*Supplied records:*
<<<<

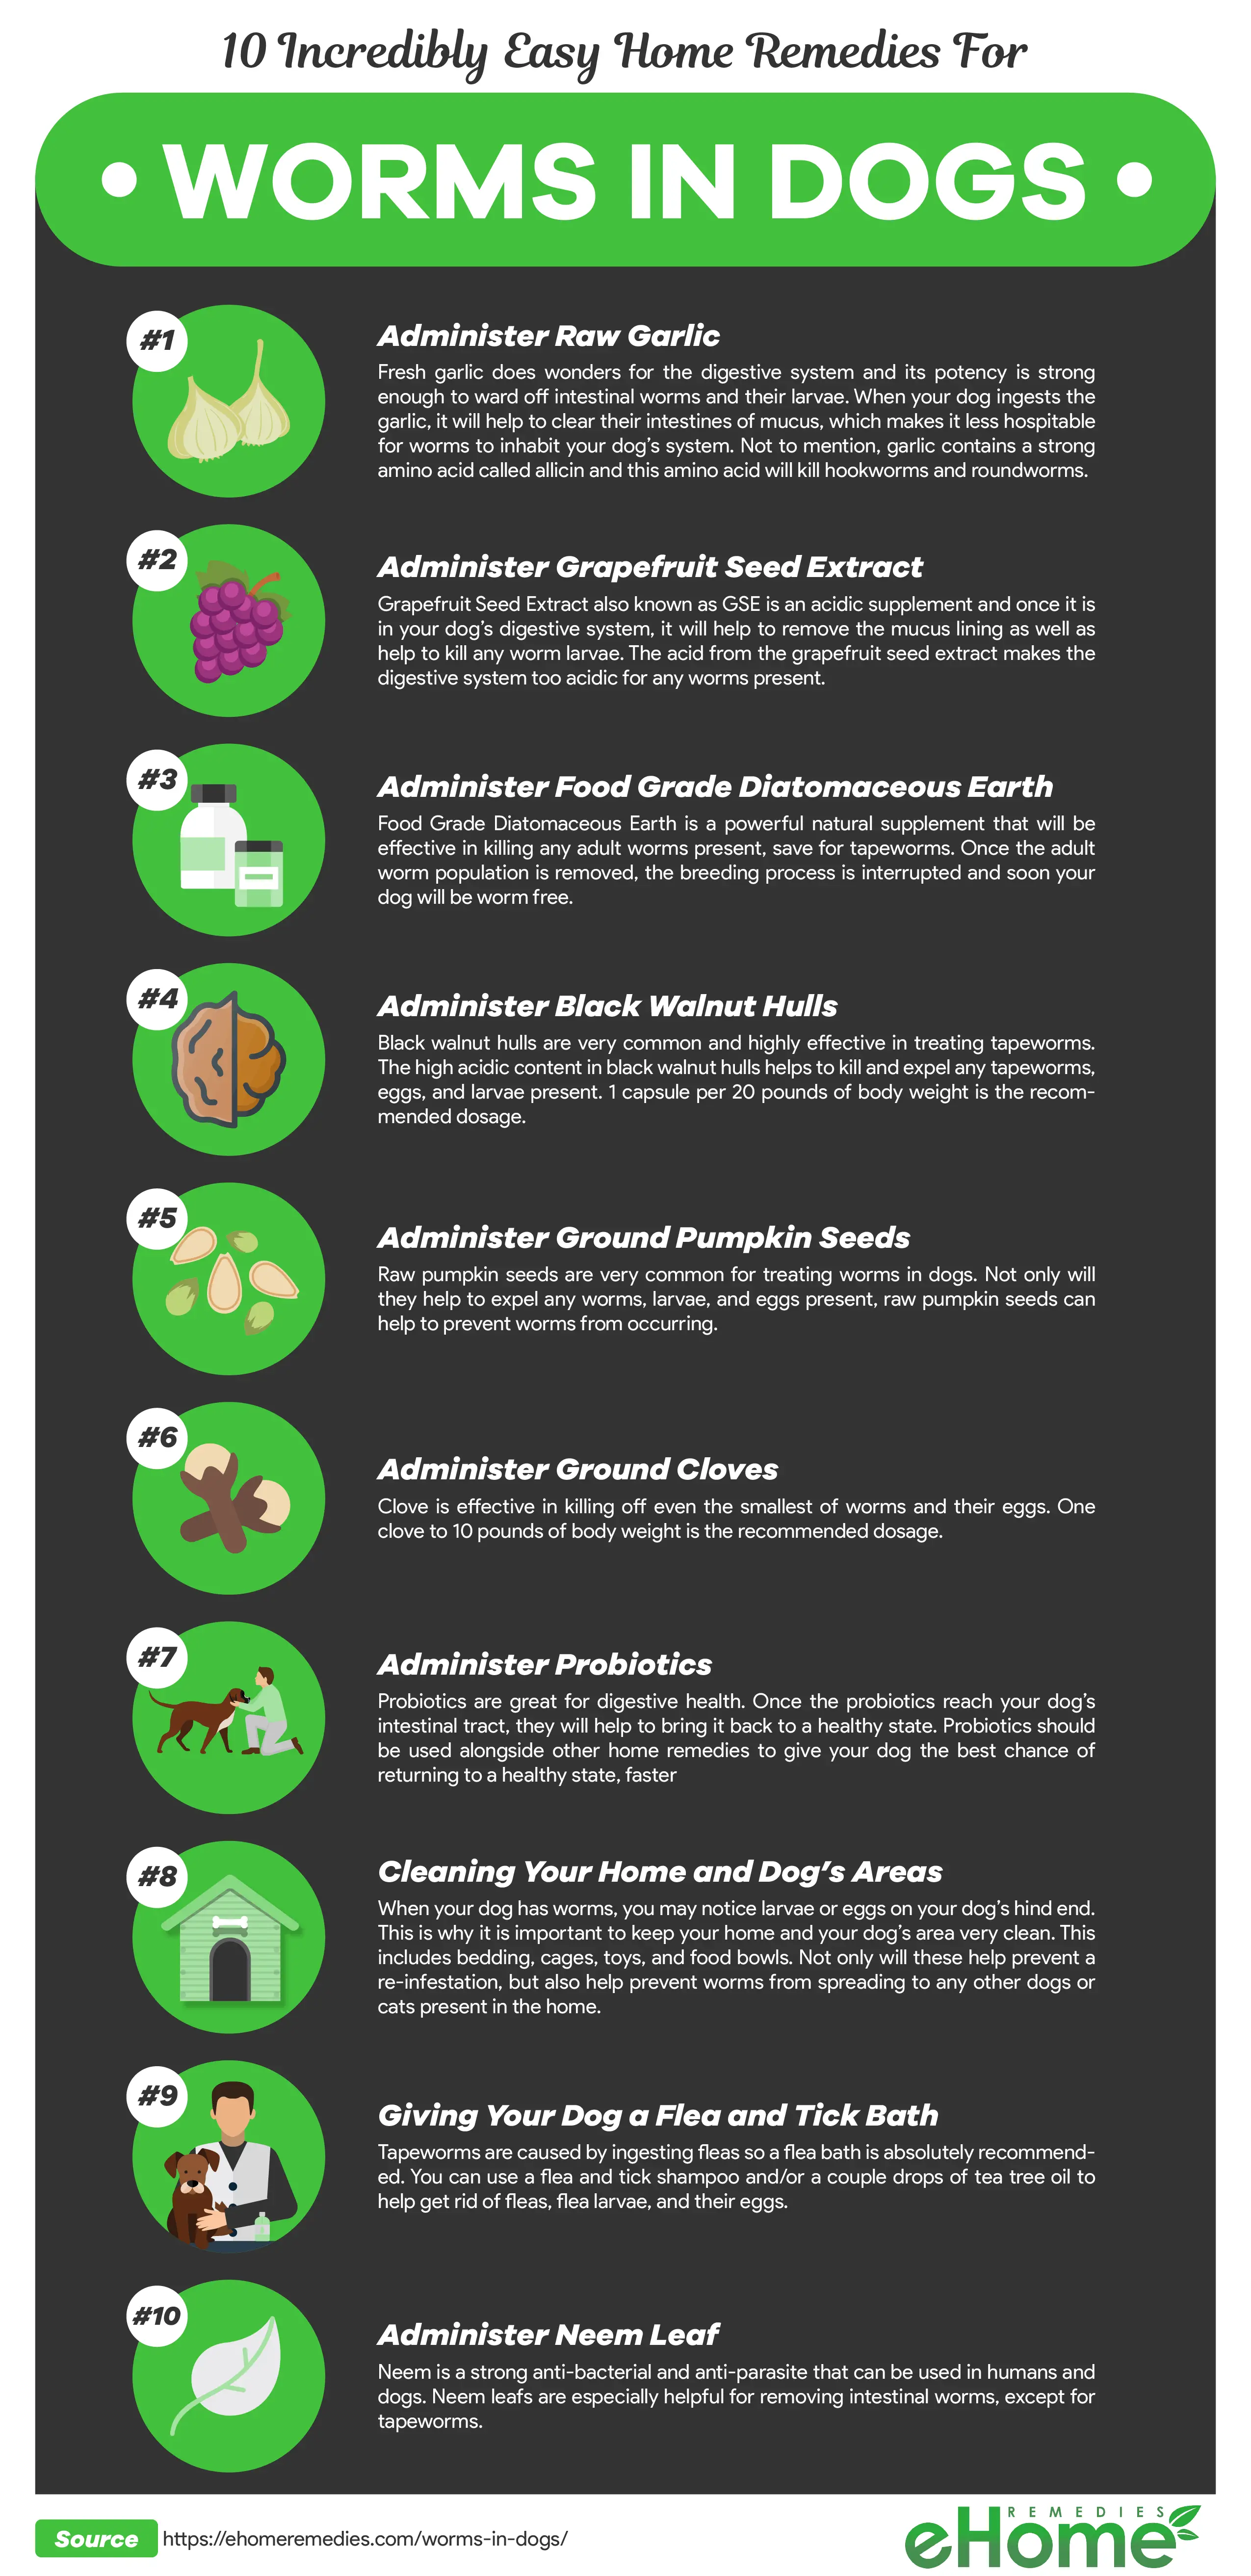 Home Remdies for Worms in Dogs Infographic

>>>>
<<<<

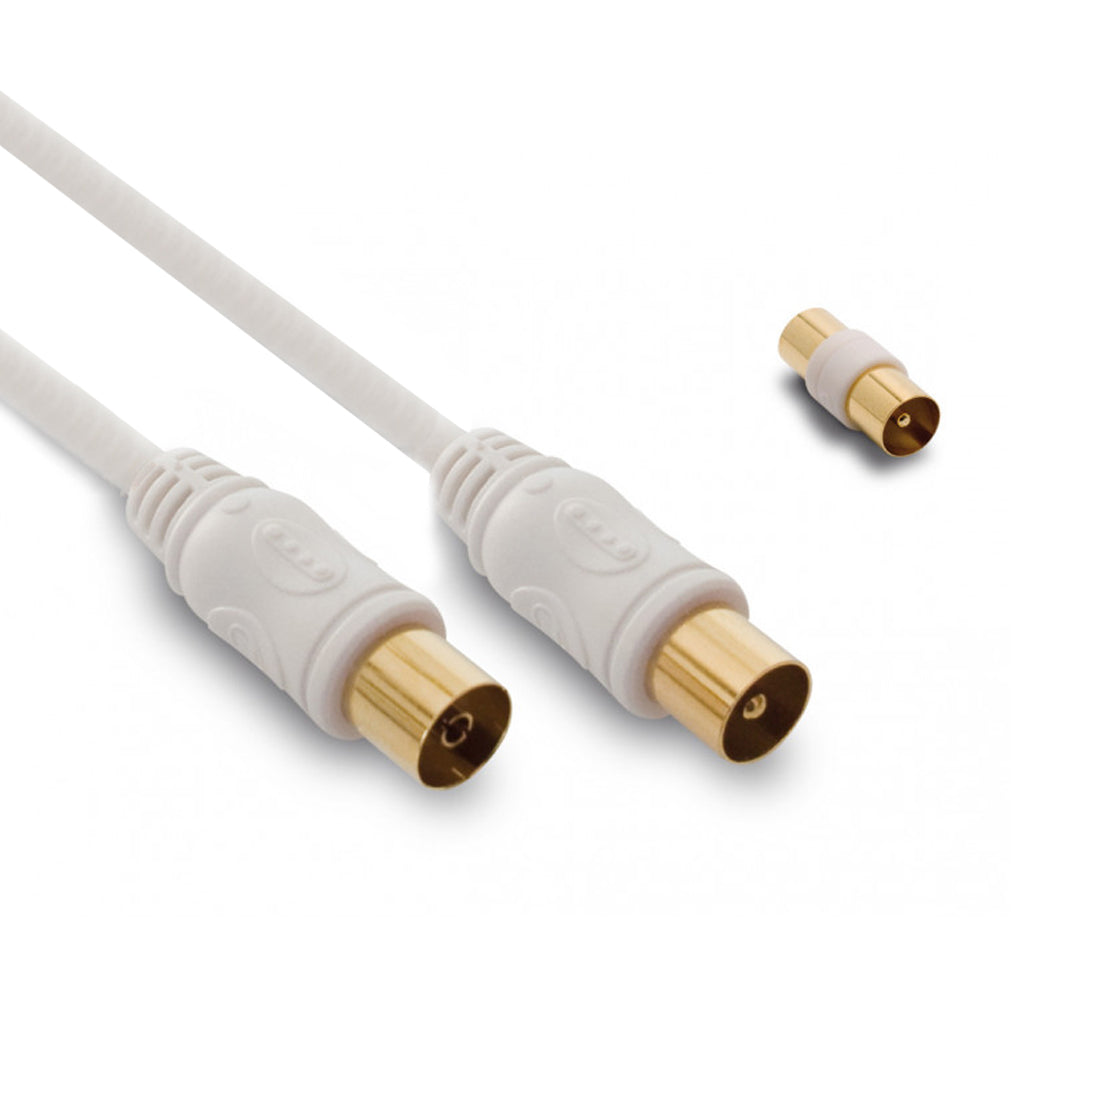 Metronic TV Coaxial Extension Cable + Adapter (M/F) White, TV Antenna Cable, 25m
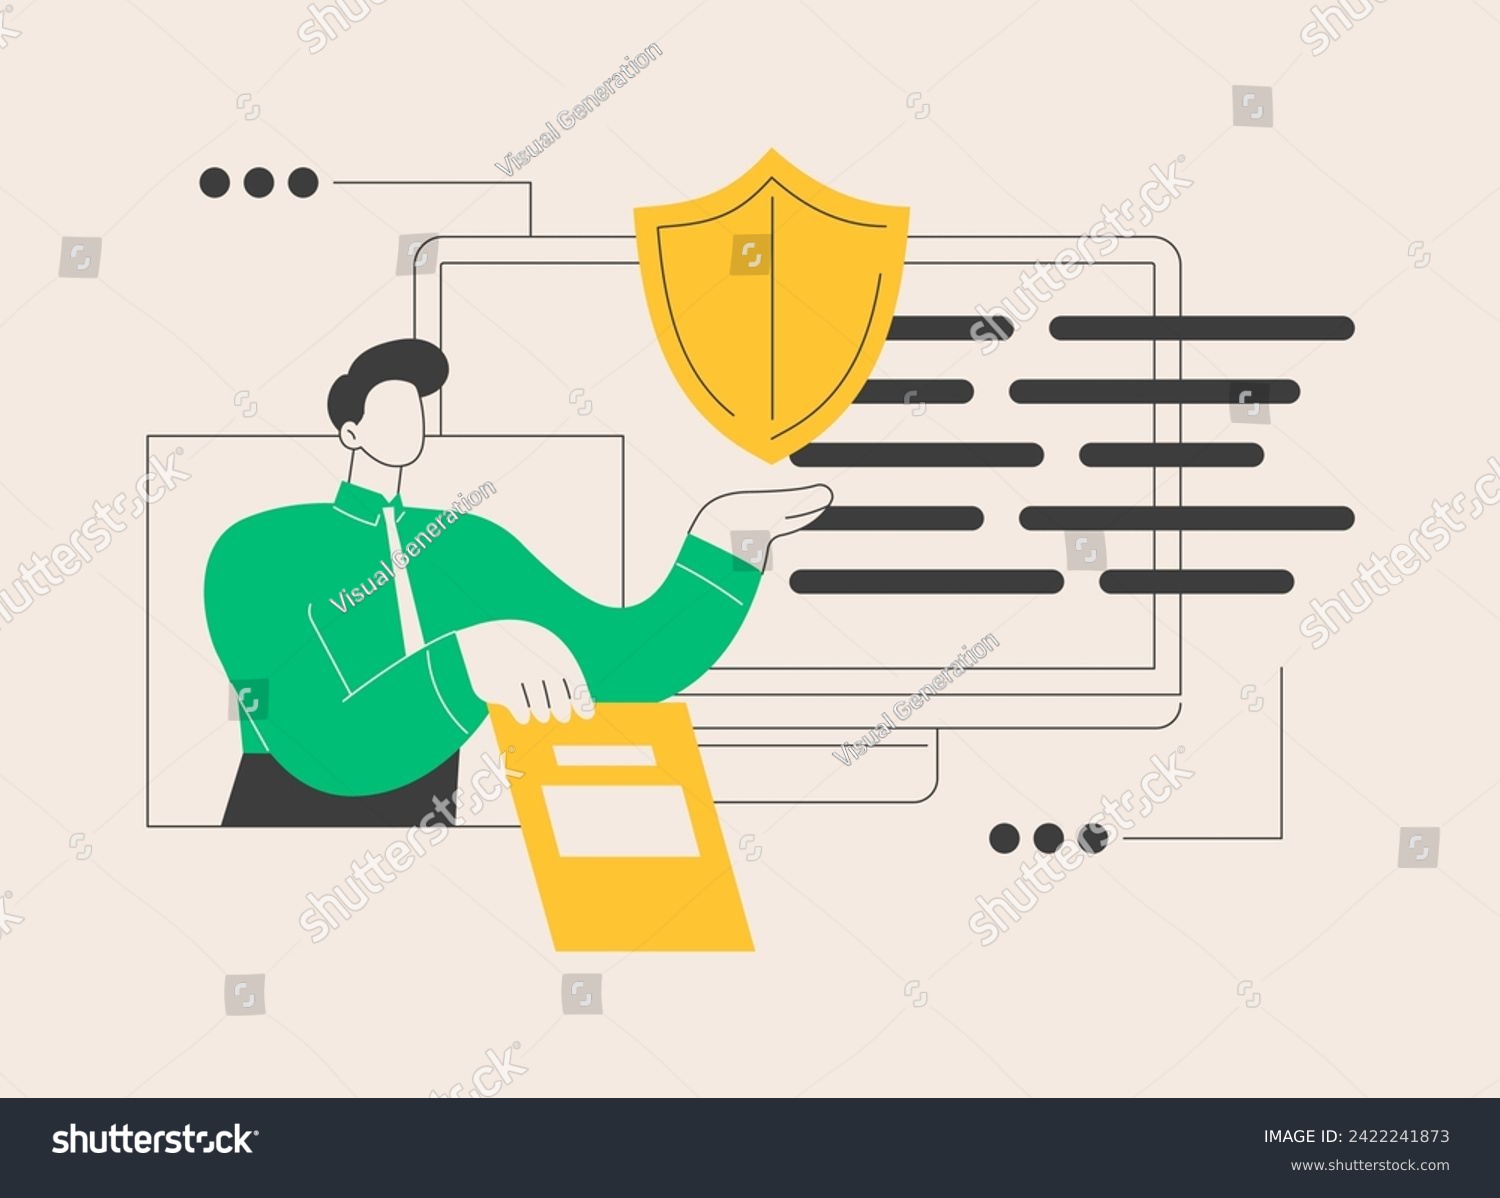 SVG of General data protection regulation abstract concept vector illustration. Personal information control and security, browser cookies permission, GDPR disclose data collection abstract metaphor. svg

>>>>
<<<<

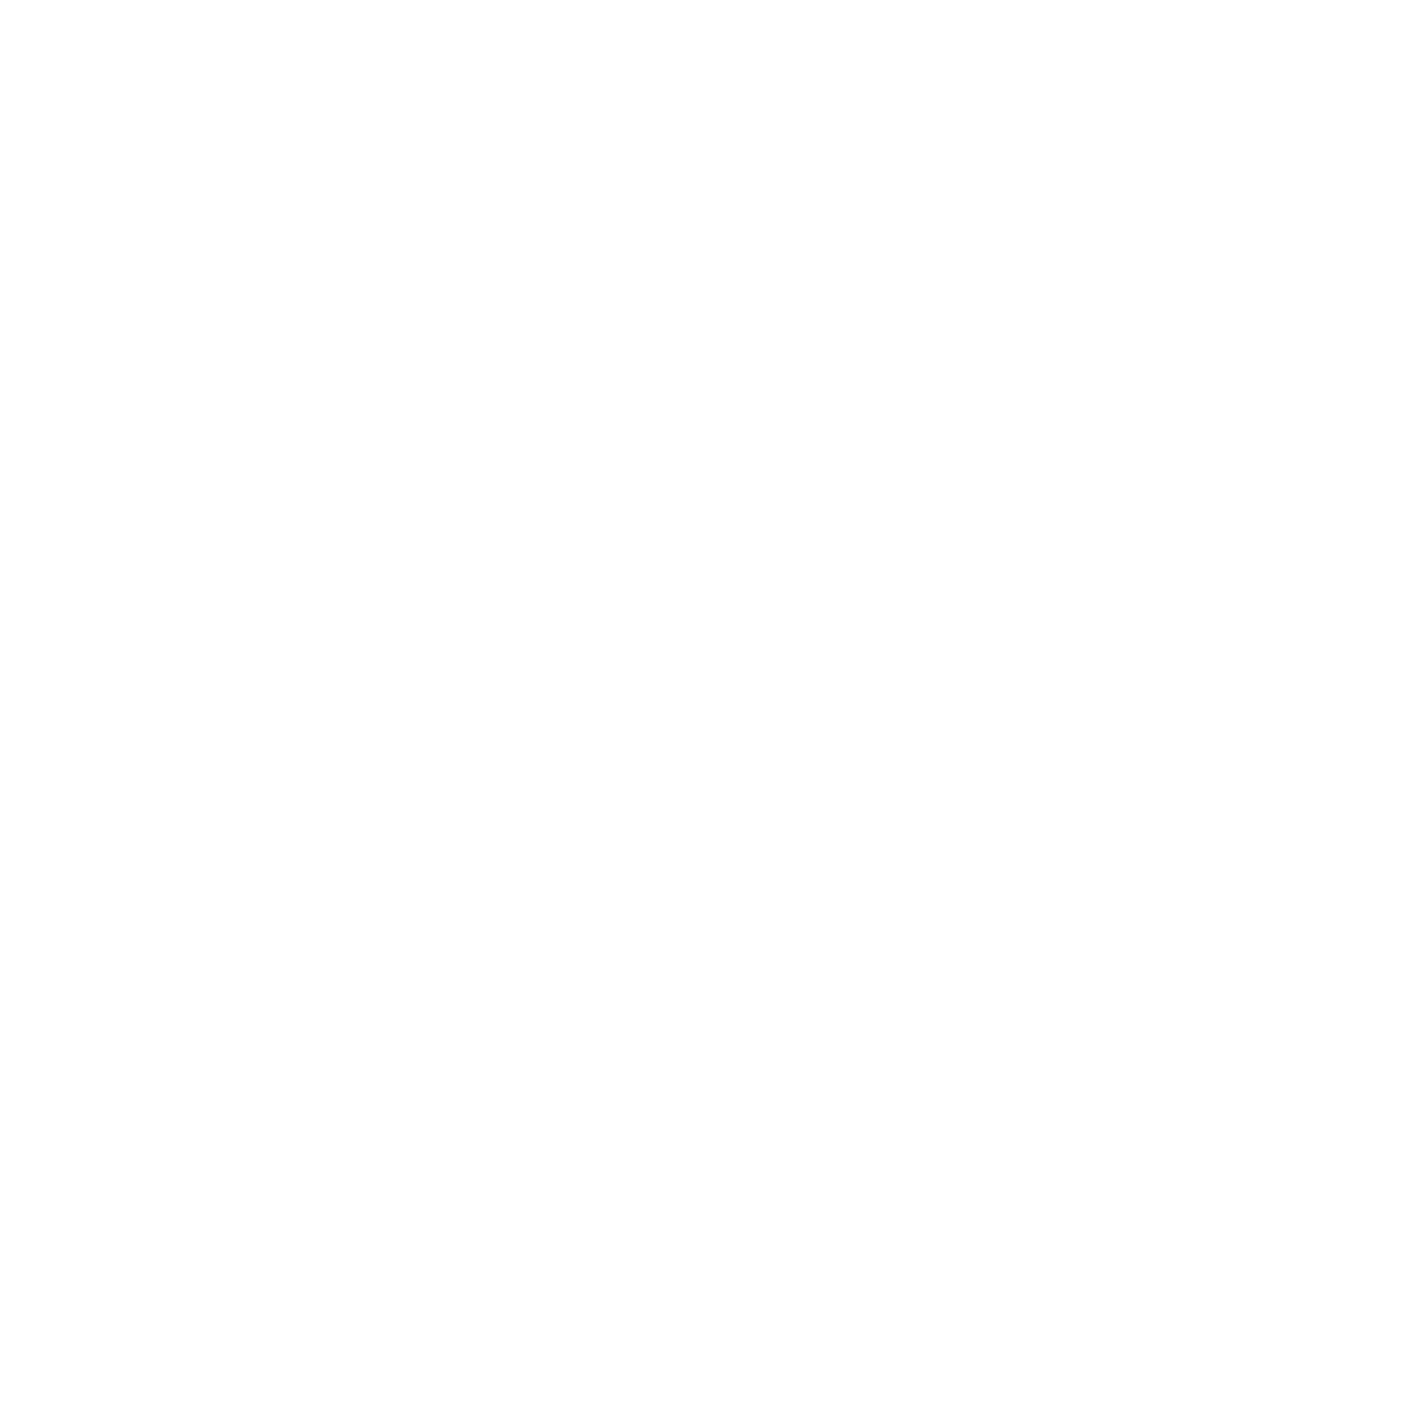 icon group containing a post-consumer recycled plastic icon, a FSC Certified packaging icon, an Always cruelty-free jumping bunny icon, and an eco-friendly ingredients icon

>>>>

Pictures excluded, give again exactly and only the lines of the material above from the line with "Metronic TV Coaxial" through the line with "SVG of General".

 Metronic TV Coaxial Extension Cable + Adapter (M/F) White, TV Antenna Cable, 25m
 SVG of General data protection regulation abstract concept vector illustration. Personal information control and security, browser cookies permission, GDPR disclose data collection abstract metaphor. svg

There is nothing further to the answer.